President Reuven Rivlin wrote in the introduction to the book:

Iser Lubotzky's story is a breathtaking and fascinating biographical novel... it is a story about one individual, which is at the same time a full world. Rare indeed is this character whose story is so rich and so intertwined with the experiences of the Jewish people in general and the national revival in particular, that their personal memory becomes the collective memory.

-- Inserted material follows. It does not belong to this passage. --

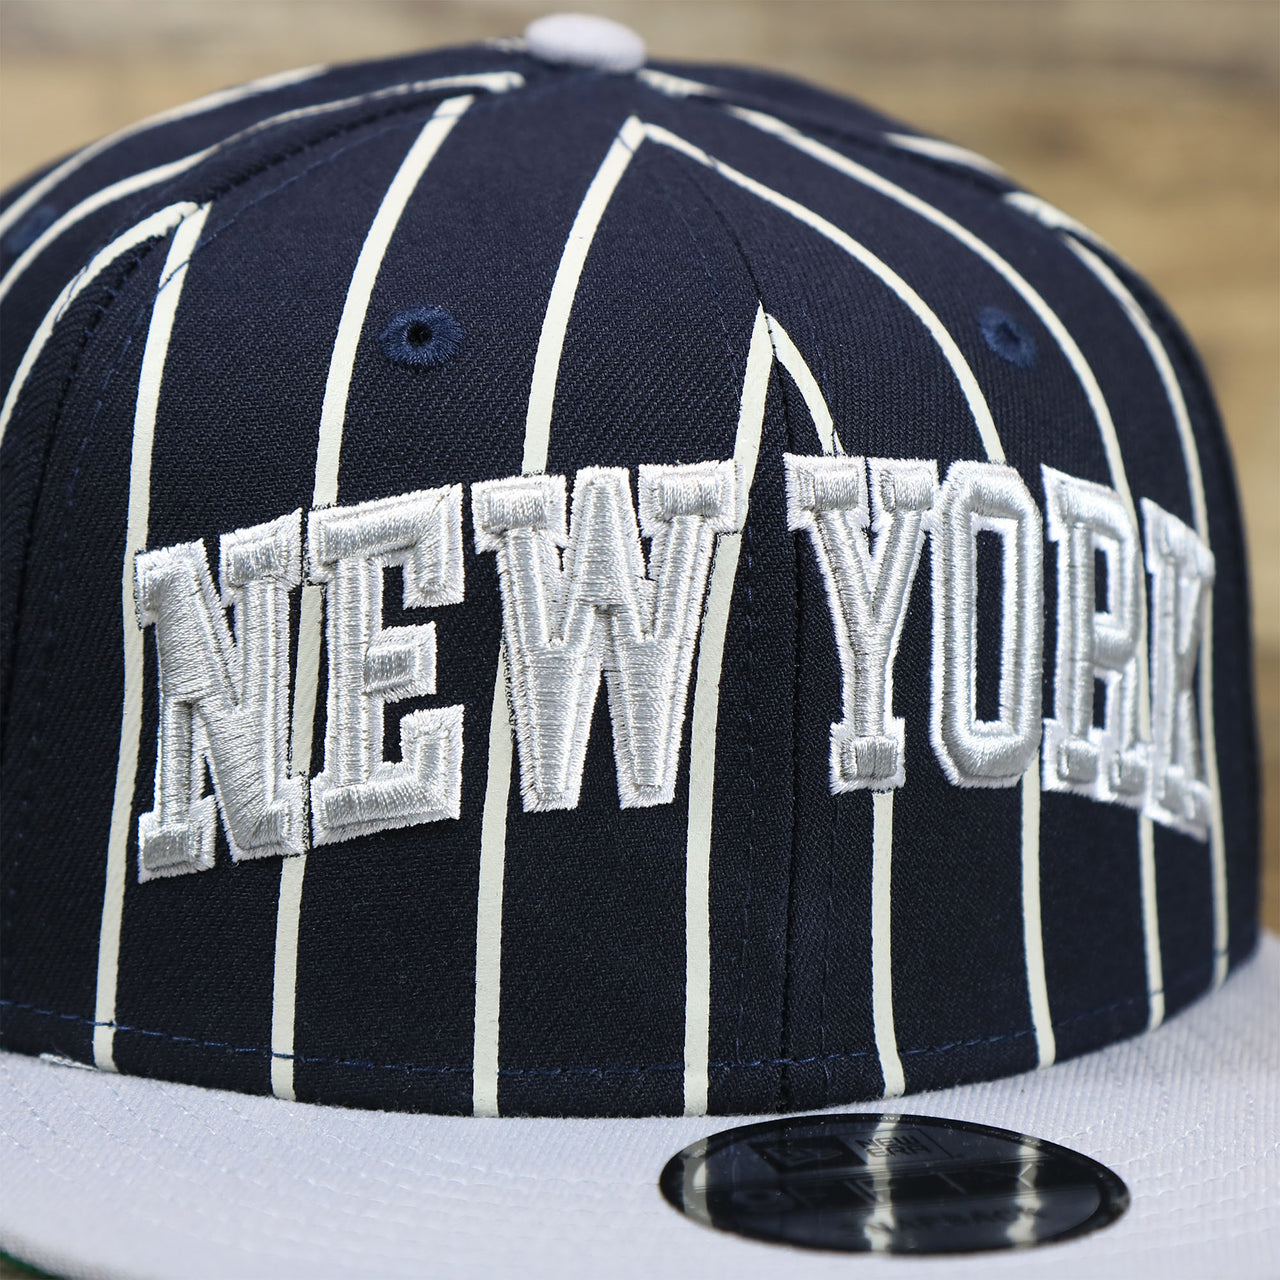 The New York Wordmark on the New York Yankees City Arch Striped 9Fifty Snapback Cap | Pin Stripe 9Fifty Cap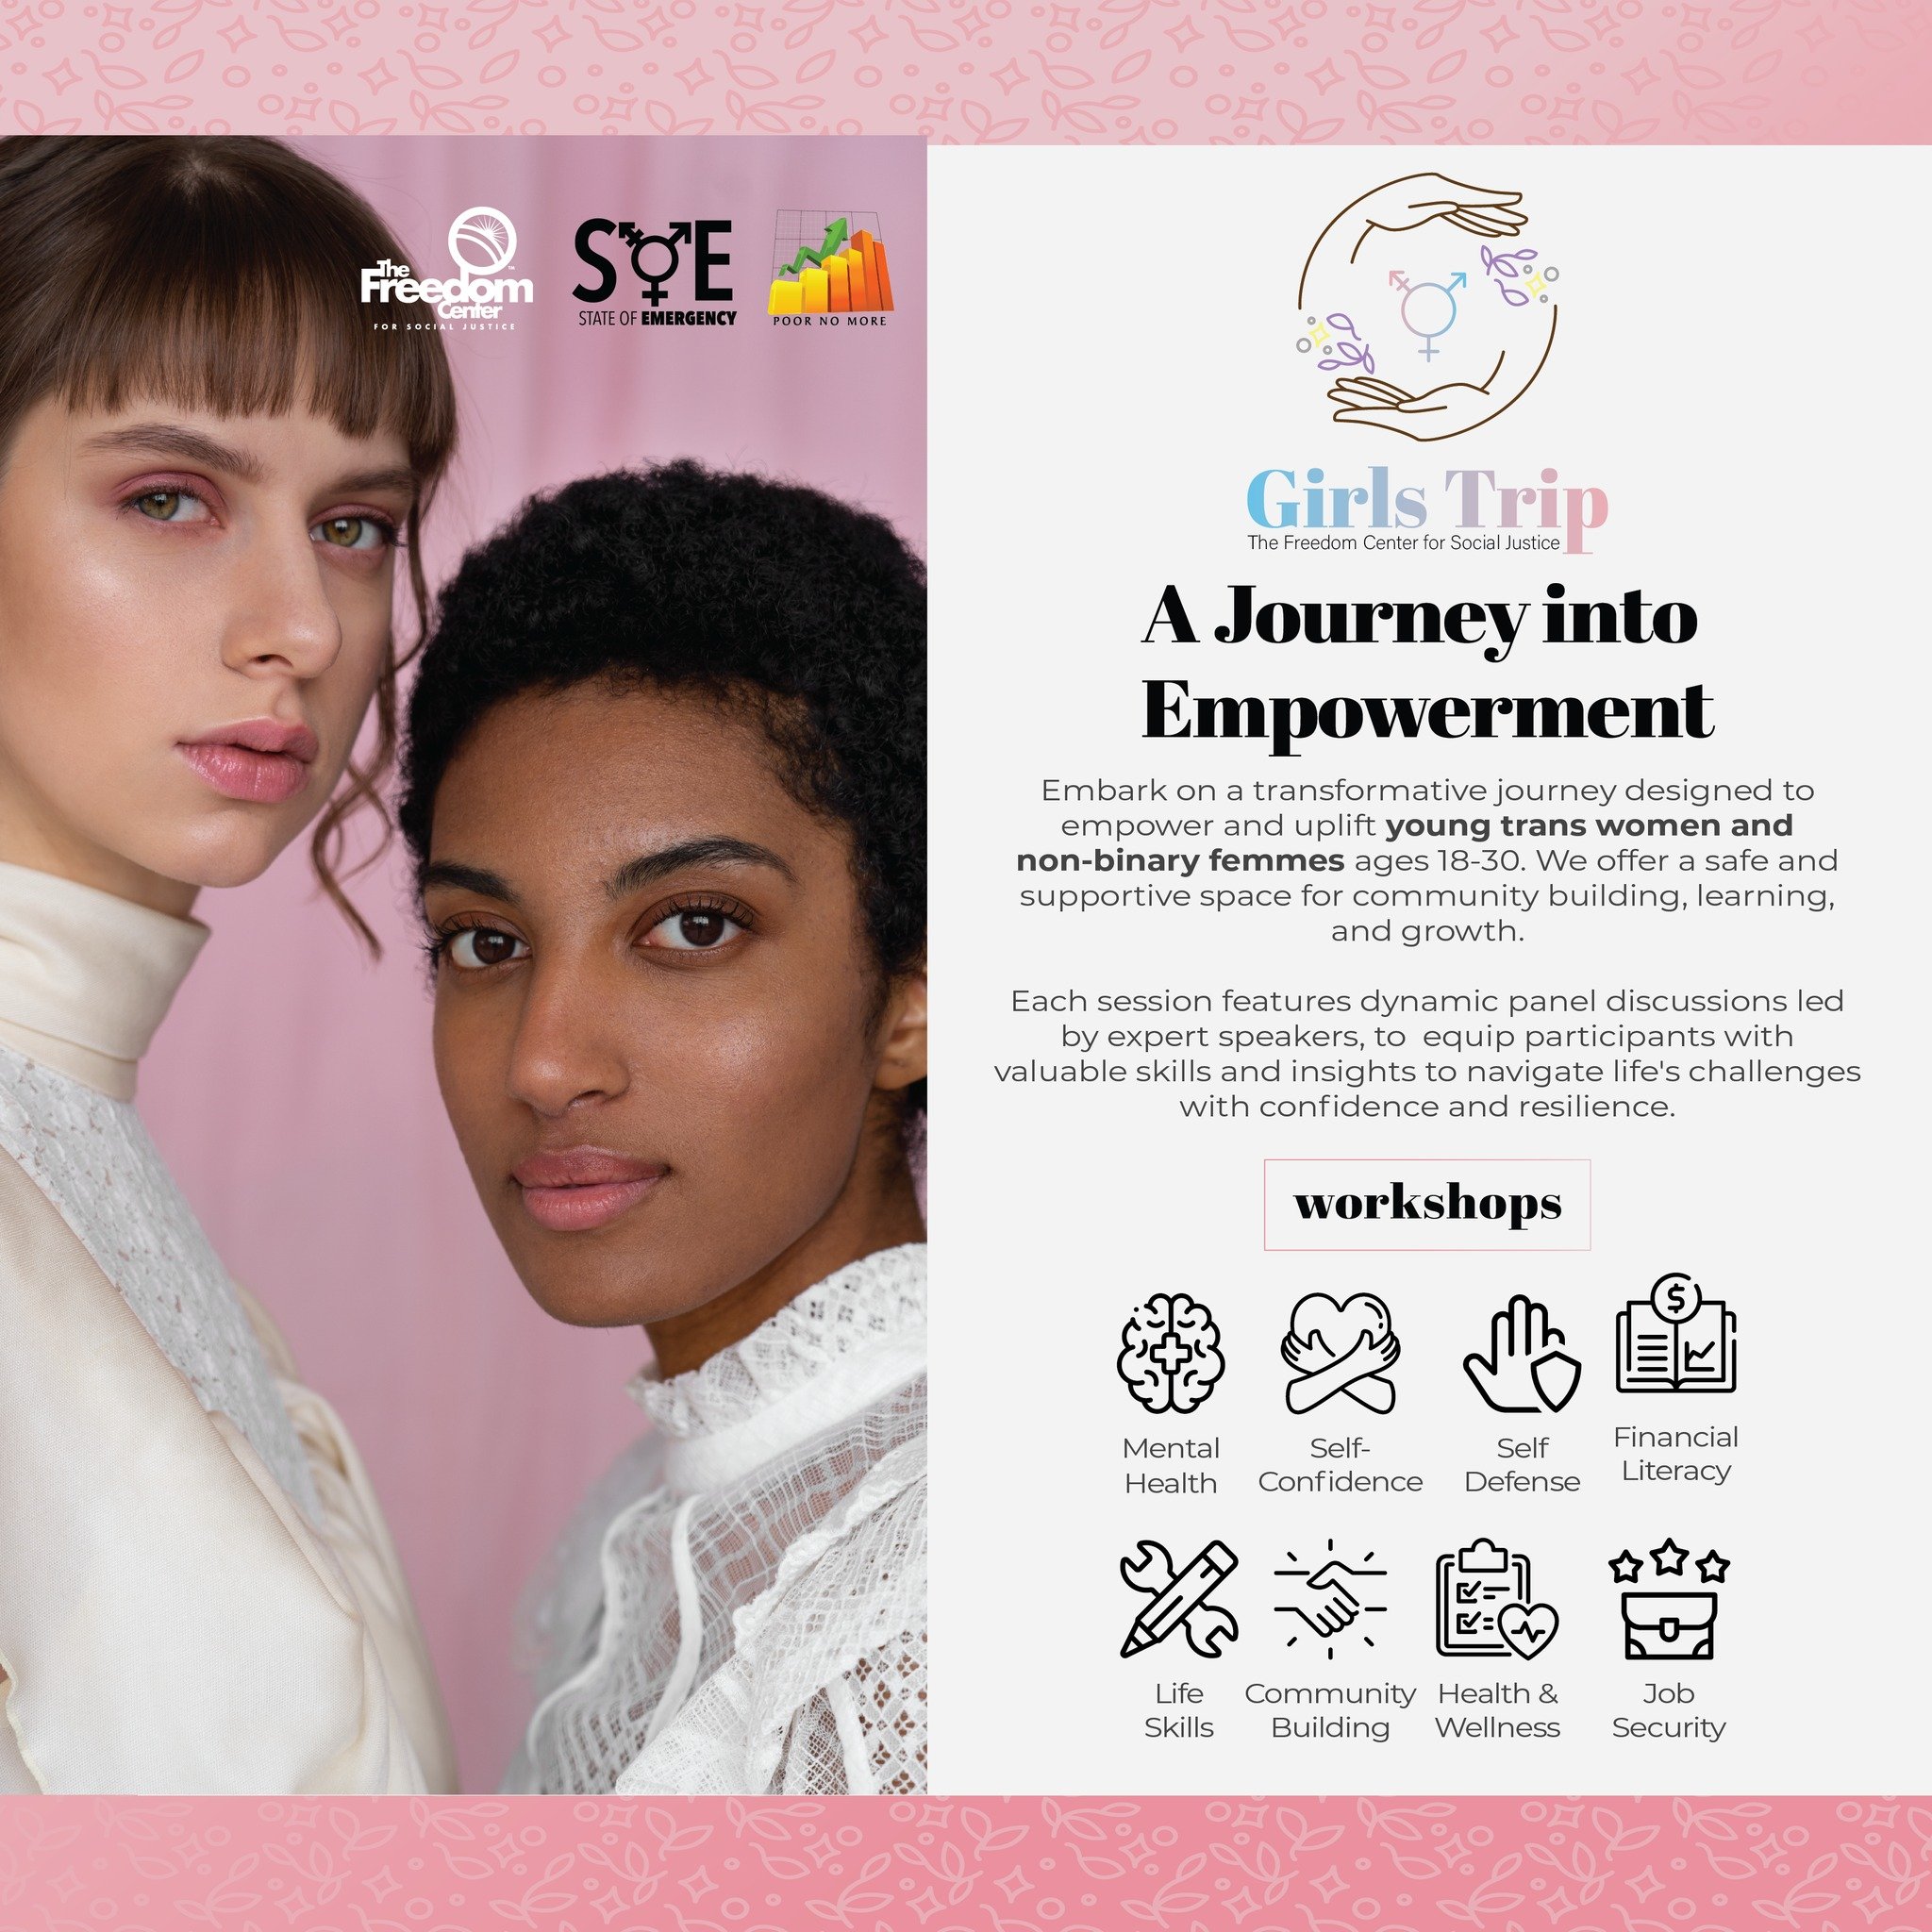 🏳️&zwj;⚧️ Embark on a transformative journey with our Girls Trip event, designed for young trans women and non-binary femmes aged 18-30. Join us for a series of sessions throughout the year, in partnership with @poornomorecharlotte  and @st.ofemerge

The book was written on the basis of testimonies by Iser Lubotzky, recorded by his family members, the Menachem Begin Heritage Center and Holocaust centers around the world, combined with historical research. On the occasion of the book's launch, a seminar was held in June 2017 at the Begin Center in Jerusalem with the participation of Herzl Makov, Dov Eichenwald, Maj. Gen. (Res.) Yaakov Amidror and Prof. Moti Zalkin.